DESCRIPTION OF THE TASK
Look through the data below for the line with "How To Ease", and transcribe it exactly together with each line after it up to and including the line with "Heidi Charon talks". Give nothing else.

LISTED RECORDS Block Start

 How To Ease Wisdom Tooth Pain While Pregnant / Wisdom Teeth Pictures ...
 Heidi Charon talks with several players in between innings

LISTED RECORDS Block End
LISTED RECORDS Block Start

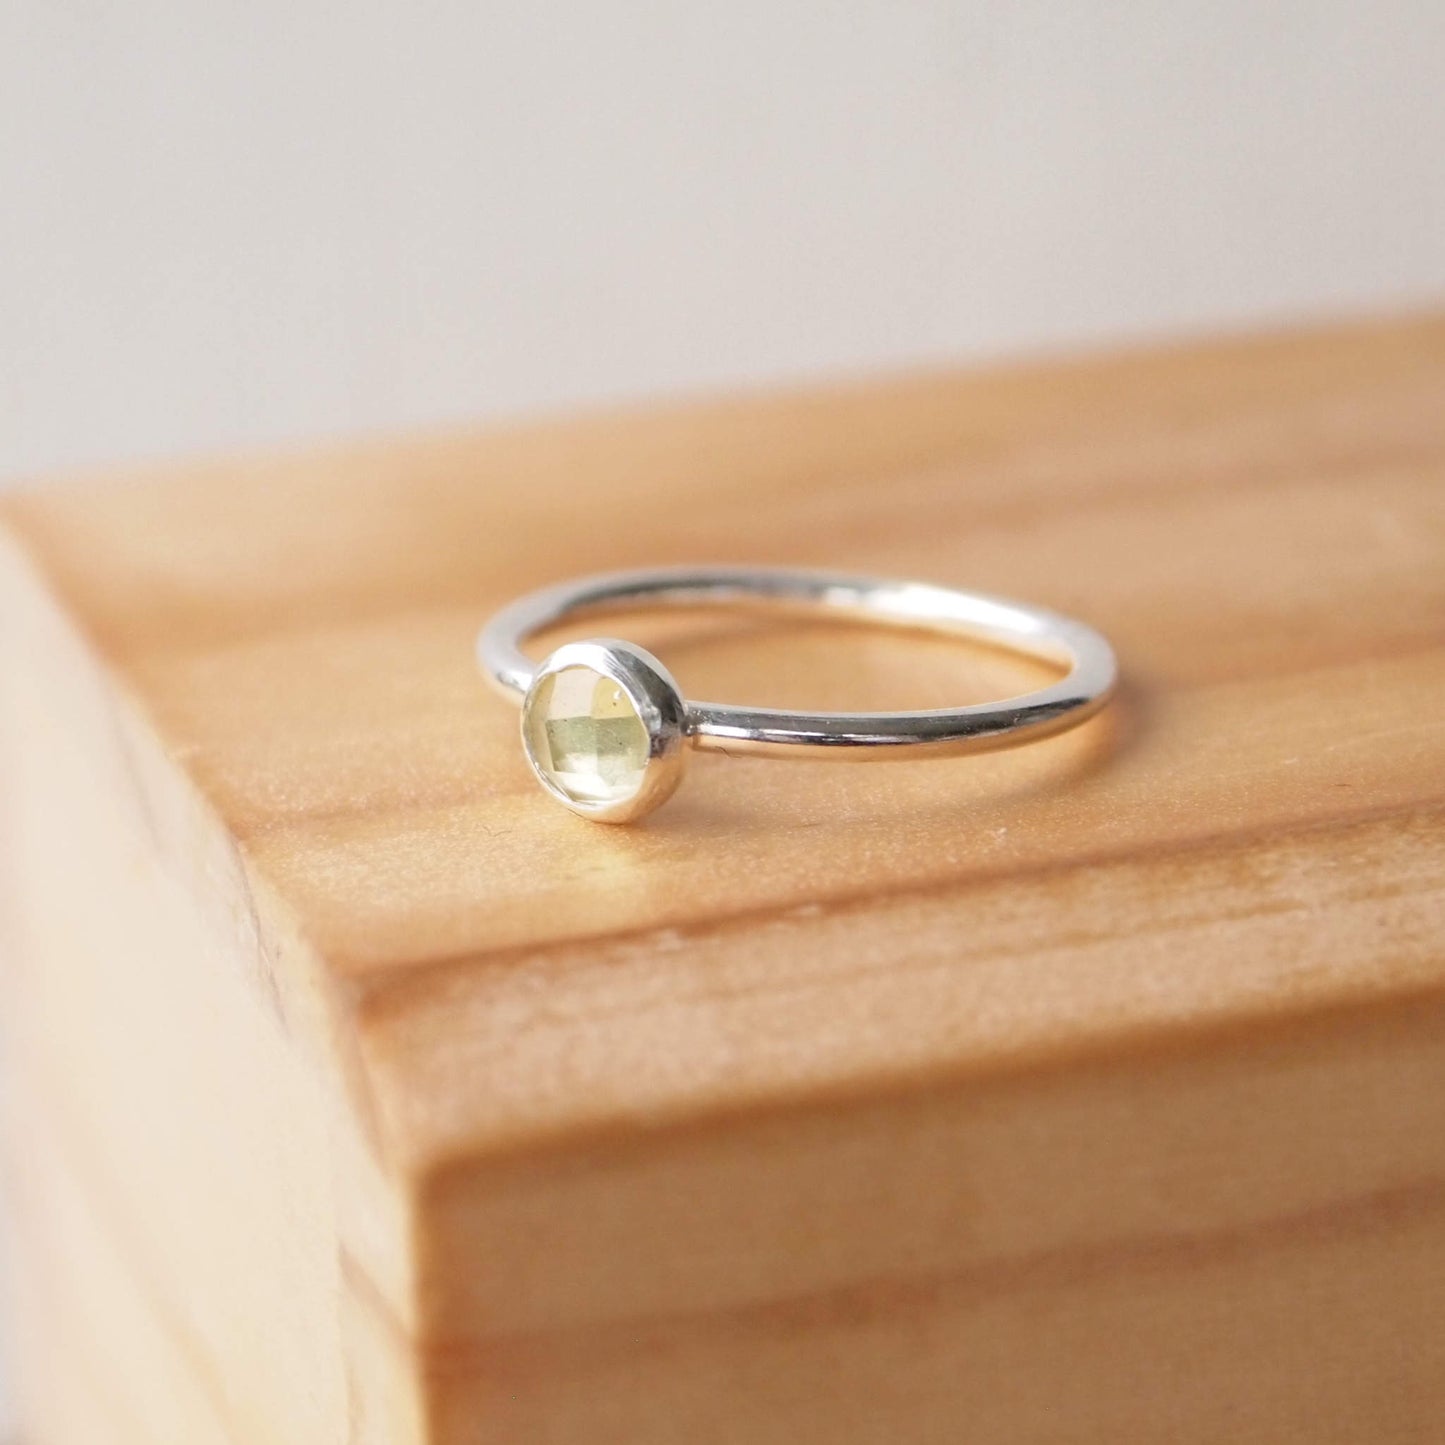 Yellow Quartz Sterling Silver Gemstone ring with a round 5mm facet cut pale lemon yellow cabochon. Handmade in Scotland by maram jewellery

LISTED RECORDS Block End

EXPECTED ANSWER
 How To Ease Wisdom Tooth Pain While Pregnant / Wisdom Teeth Pictures ...
 Heidi Charon talks with several players in between innings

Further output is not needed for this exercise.